= National Missing and Unidentified Persons System =

System of databases in the US

The National Missing and Unidentified Persons System (NamUs) is a national clearinghouse and resource center for missing, unidentified, and unclaimed person cases throughout the United States.

NamUs is funded and administered by the National Institute of Justice through a cooperative agreement with the University of North Texas Health Science Center's Center for Human Identification.

NamUs resources are provided to law enforcement, medical examiners, coroners, allied forensic professionals, and family members of missing persons. They include technology, forensic and analytical services, investigative support, and local, regional, and online training programs.

New York, Connecticut, Tennessee, New Jersey and Oklahoma have passed legislation to require agencies to add missing persons to NamUs listings.

==Services==
- Database technology which provides a secure, easy-to-use, centralized online database for information sharing, case management, advanced searching, and automatic matching tools to expedite case associations and resolutions.
- Regional Program Specialists (RPSs) who hold Department of Justice security clearances, vet all professional users and case data, assist with the collection of biometric information, provide NamUs training, assist with the coordination and implementation of missing person day events, and provide investigative support to missing, unidentified, and unclaimed person cases.
- Fingerprint services to scan, classify, upload, analyze, and compare fingerprint information submitted to NamUs, including collaboration with the Federal Bureau of Investigation (FBI) for searching unidentified decedent prints through the FBI's Next Generation Identification national database.
- Nuclear and mitochondrial DNA analyses through the University of North Texas Center for Human Identification's Missing Persons Unit.
- Forensic odontology services to obtain, code, and upload dental information to NamUs.
- Forensic anthropology services through the Missing Persons Unit.
- Analytical services to assist with locating indication of life for persons reported missing to NamUs, locating family contact information for DNA collections and next of kin death notifications, and locating/vetting tips and leads related to missing and unidentified person cases.

==History ==
In 2003, the National Institute of Justice began funding major efforts to maximize the use of DNA technology in the U.S. criminal justice system, including in the investigation of missing and unidentified person cases. By 2005, the institute expanded its efforts with the “Identifying the Missing Summit”, where criminal justice practitioners, forensic scientists, policymakers, and victim advocates defined major challenges in investigating and solving missing and unidentified decedent cases. As a result of that summit, the Deputy Attorney General created the National Missing Persons Task Force. It identified the need to improve access to information that would help solve missing and unidentified person cases. NamUs was created to meet that need.

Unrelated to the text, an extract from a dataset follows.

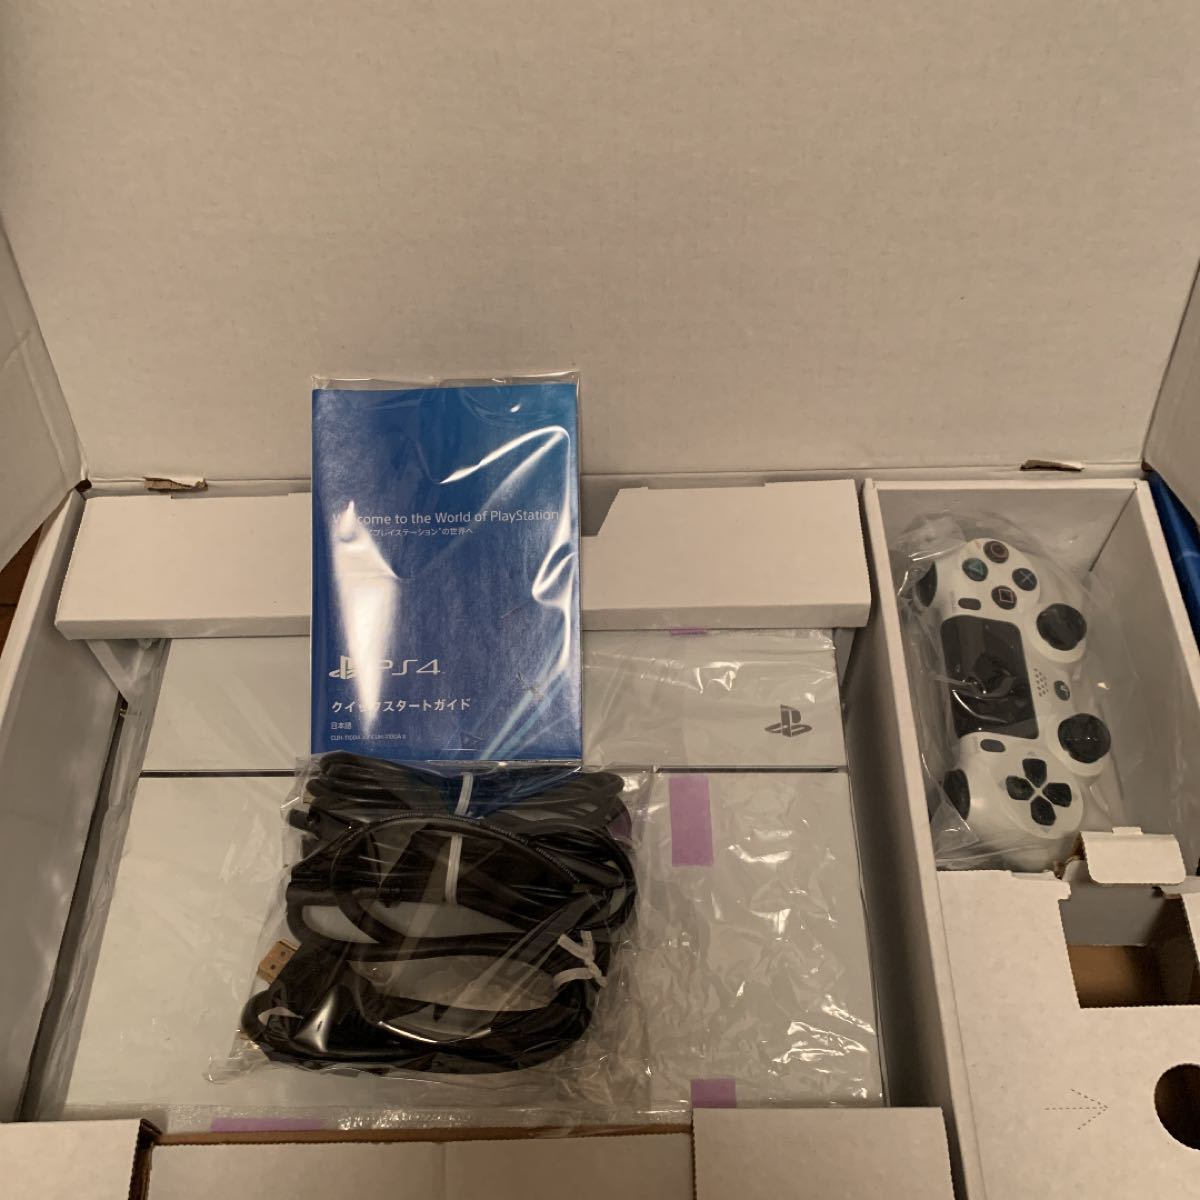 PS4本体 SONY プレステ4 プレイステーション4 グレイシャー ホワイト
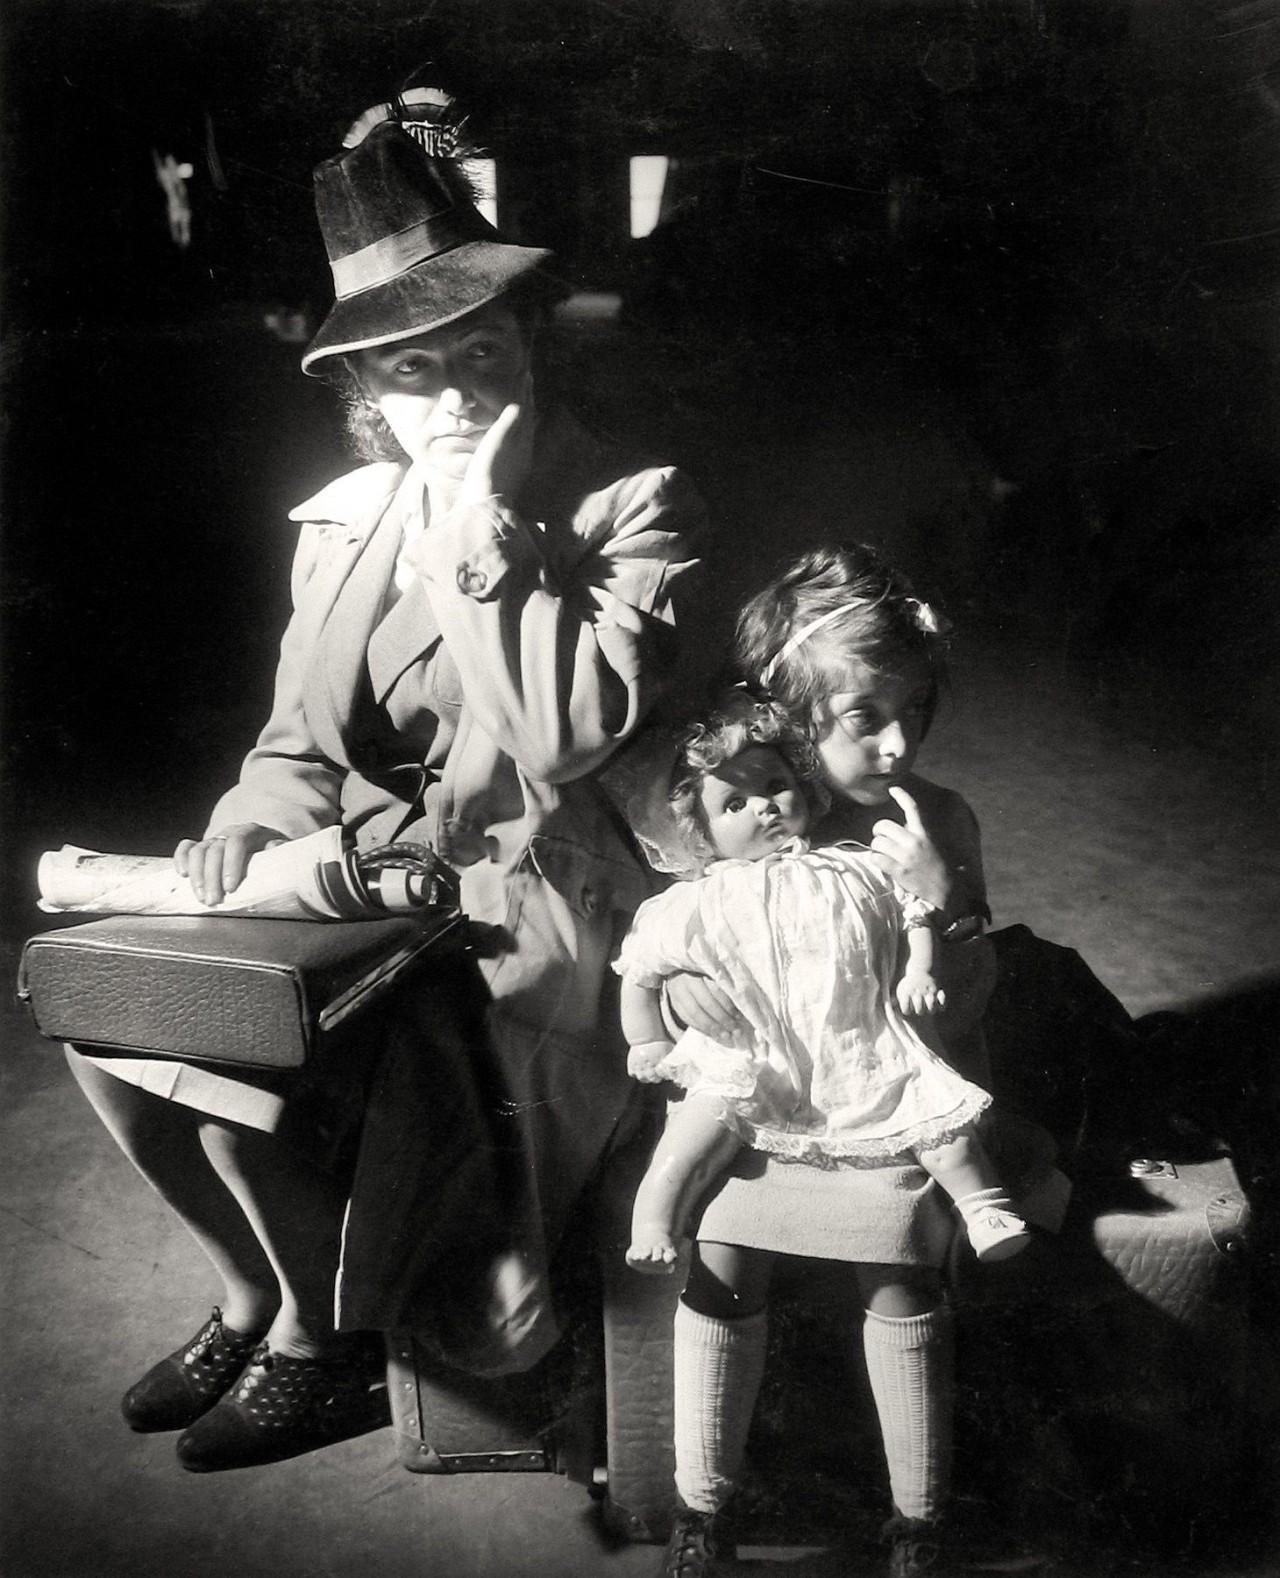 Иммигранты, 1941. Фотограф Эрих Кастан

In 2007, the NamUs Unidentified Persons database was launched. The following year, the NamUs Missing Persons (MP) database was launched. In 2009, the two databases were connected for automatic case comparisons.

In 2011, daily management of NamUs was transitioned to the University of North Texas Health Science Center, with continued administration and oversight by the National Institute of Justice. Management through the Center for Human Identification at the university enhanced NamUs's ability to facilitate DNA services and enhanced the quality and quantity of DNA information entered into NamUs.

In 2012, an Analytical Division was added to NamUs. Also in 2012, the NamUs AFIS/Fingerprint Unit was created, bringing additional in-house forensic services to NamUs, including a collaboration with the FBI's Latent Print Unit to search all unidentified decedent prints through the Next Generation Identification system.

In May 2018, NamUs 2.0 was released.